The world might be a prominent place, but in the era of globalization, foreign countries, cultures, and cuisines are now more accessible than ever. Even if you're not the most adventurous diner, you'll miss out if you don't try Ethiopian food.

Ethiopia is a West African country that is proudly the oldest independent country on the continent. This long history has helped to refine a unique cuisine that stands out against its regional neighbors. Many Ethiopian meals are a combination of earthy, spicy, and sour flavors that are blended together in every bite.

Most meals are enjoyed with a type of soft, thin, sourdough bread called injera. It is made with a grain called teff, and its subtle sour flavors serve as the constant companion to Ethiopian staple dishes like Messer Wot (red lentil stew).

The other backbone of Ethiopian cuisine is a potent spice mix that is used to flavor Messer Wot among countless other dishes. This spice mix, known as Berbere, might just become your new favorite spice blend.

Berbere's global origins

The name berbere likely originated in the ancient Ethiopian word for pepper.
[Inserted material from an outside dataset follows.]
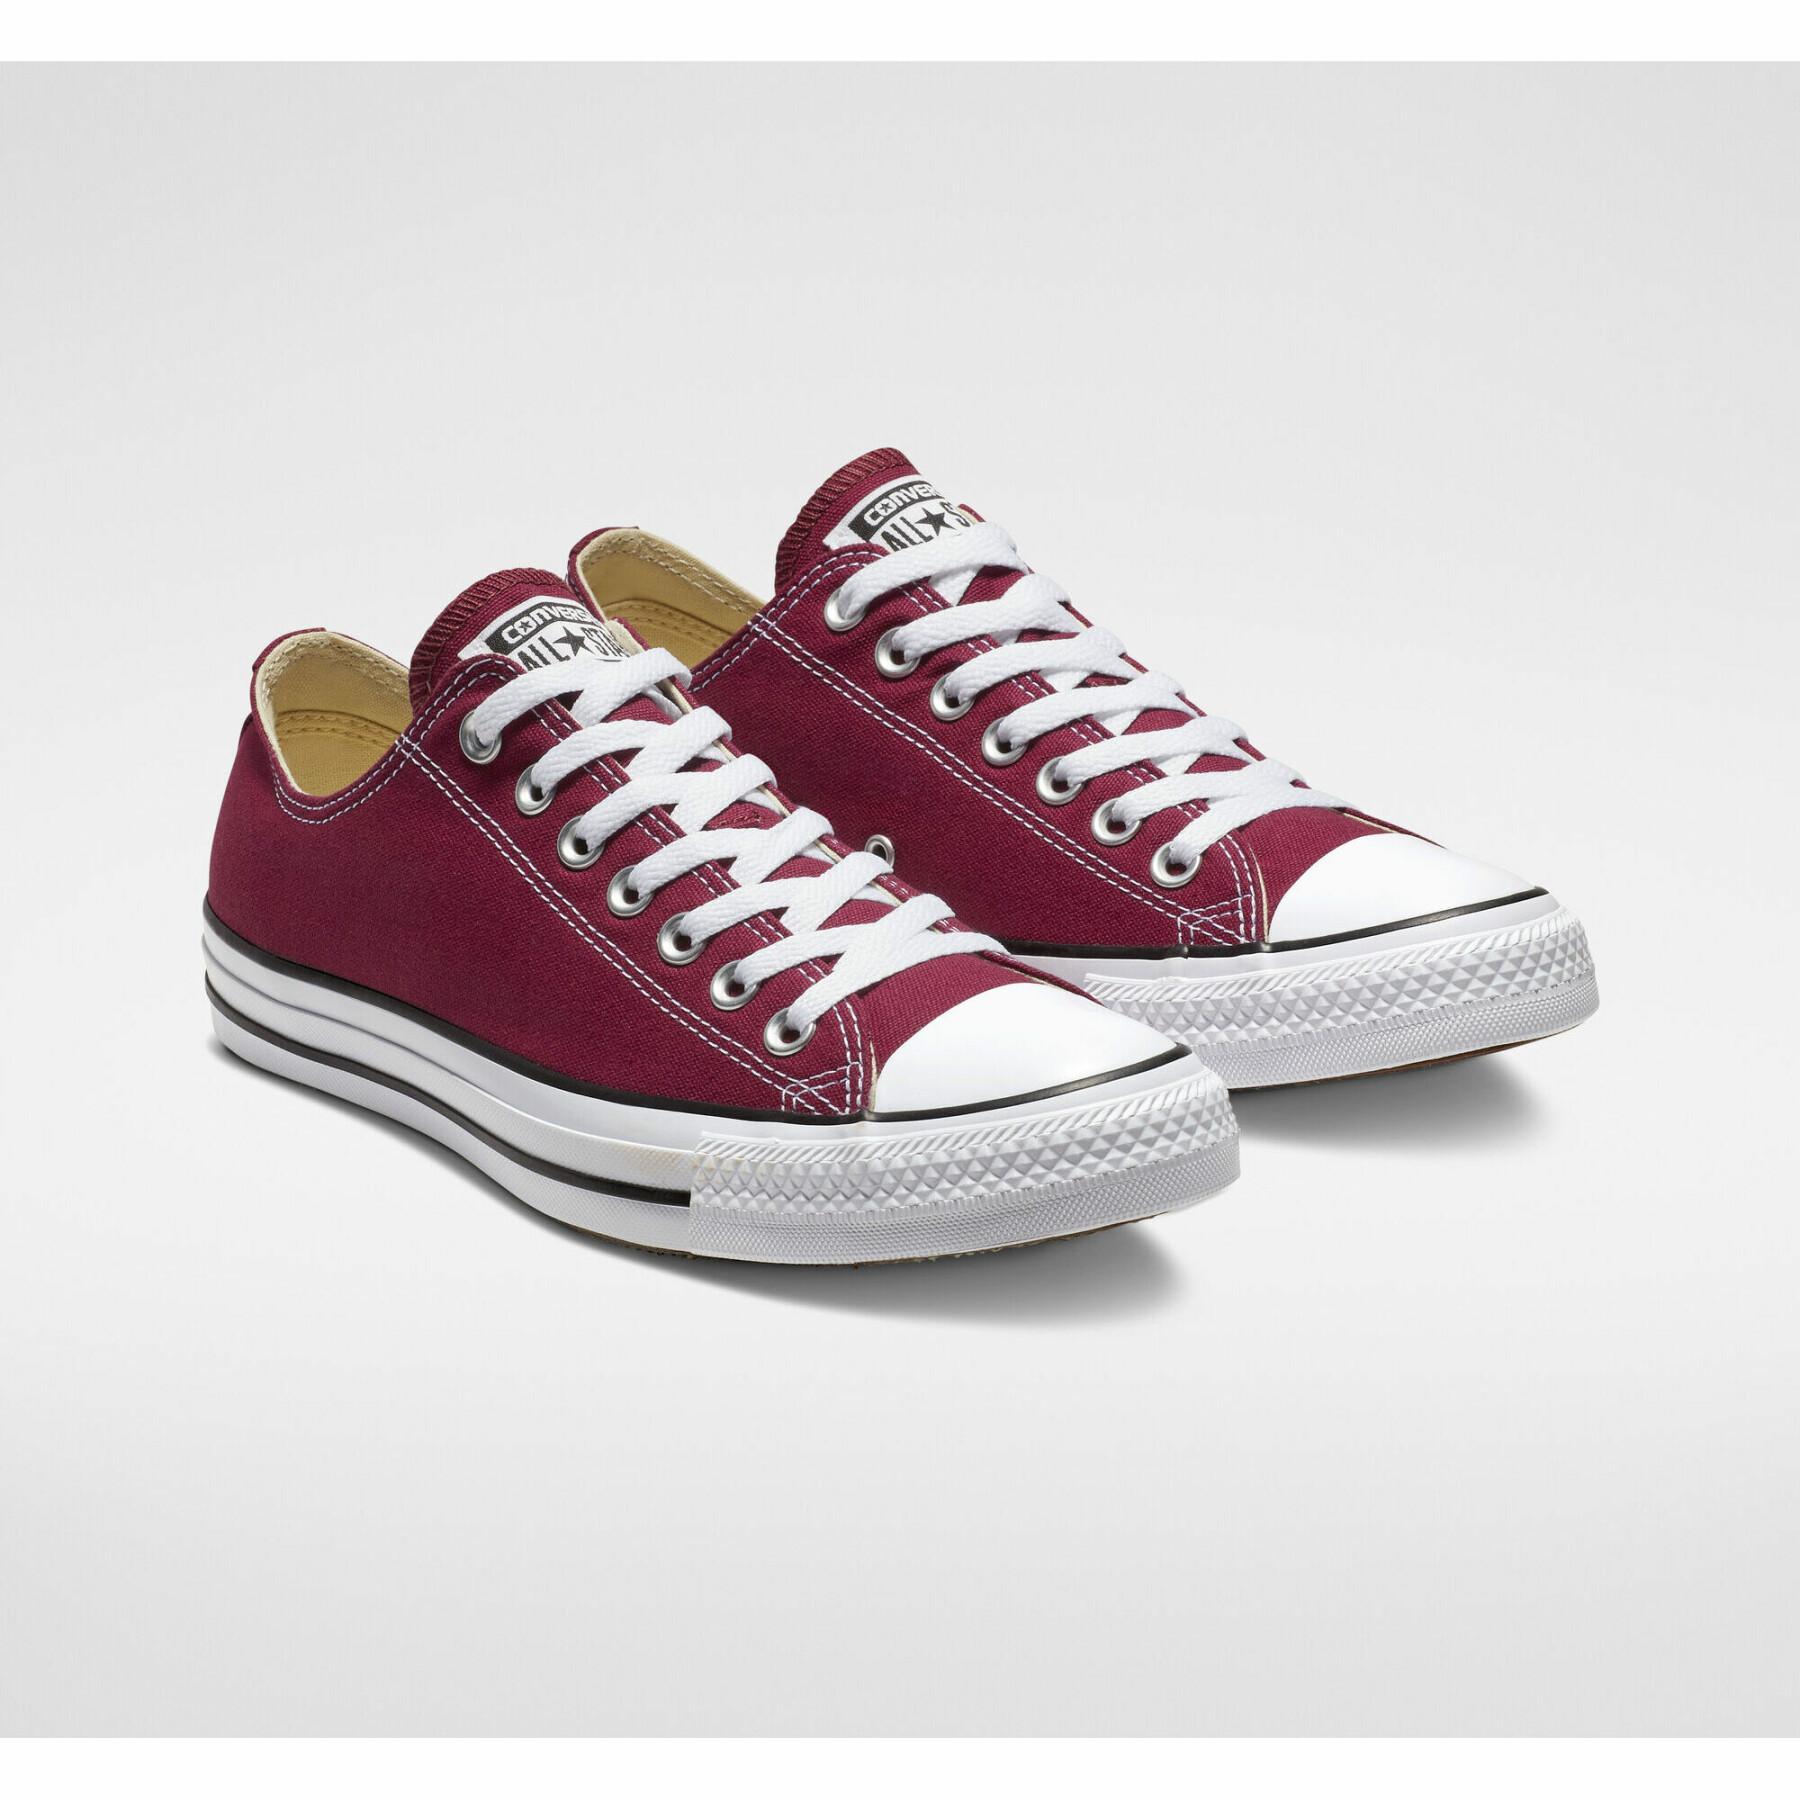 Formadores Converse Chuck Taylor All Star classic
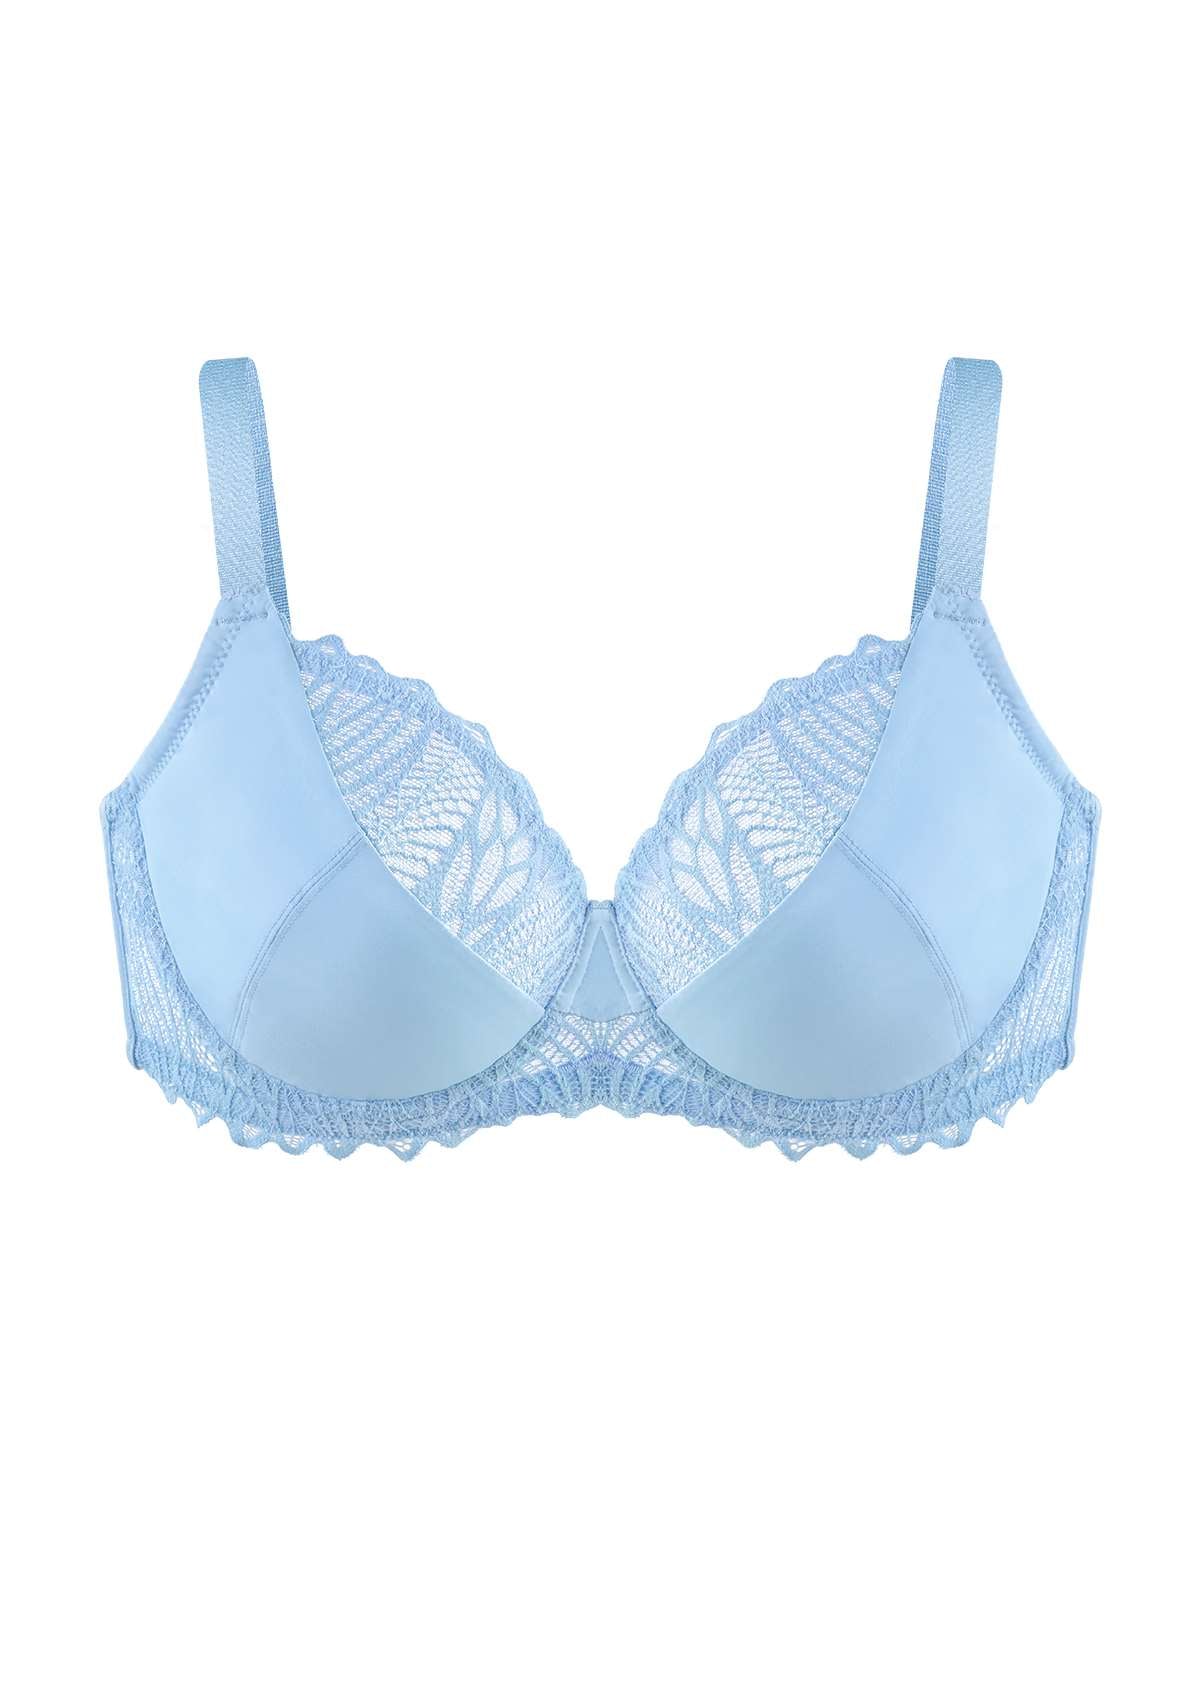 HSIA Pretty Secrets Lace-Trimmed Full Coverage Underwire Bra For Support - Light Blue / 34 / D

However, the spice itself originated on the other side of the Red Sea. While modern Ethiopia is a landlocked country, during the reign of the ancient Aksum kingdom, it shared its Eastern borders with the Red Sea. This created a naval trade route with the Silk Road spice trade.

Aksumite traders would use the seasonal monsoon winds to trade with the far East. On their return voyages, they would sample all of the many spices and aromatics that they had purchased, and the story goes that they would create different blends of these spices as well. The story goes that these blends would then be shared with the trader's families, and became common household spice mixes.

Today, different styles of complex berbere spices exist in every region, and even between each household. Luckily, there are plenty of commercially available blends sold by spice vendors online for you to sample and see which suits your palette best. 

How to cook with berbere

Berbere is often made with up to 20 spices, but is defined by a typical palette. Common ingredients like fenugreek seeds, african basil, ginger, garlic, chili peppers, coriander, cinnamon, nutmeg, cardamom, and thyme are all used to give berbere an earthy, spicy, savory flavor that makes it ideal to pair with roast vegetables, meats, beans, and of course sour injera.

Chef Marcus Samuelsson claims that a jar of berbere spice mix is one of his go-to gifts and one of his favorite pantry staples as well. While berbere is great for seasoning heavy stews like doro wat and savory breakfast fare like chechebsa, it can also be used in countless other dishes as well.

As Samuelsson points out, berbere is good with just about everything. While it does have a heat to it, it isn't overwhelmingly spicy and has a nice rounded flavor to balance other elements. It can be used to spice up cold salads, and grain bowls, or just go on eggs and rice. Anything that would do with a kick of heat and spice will be better off with just a dash of this powerful blend.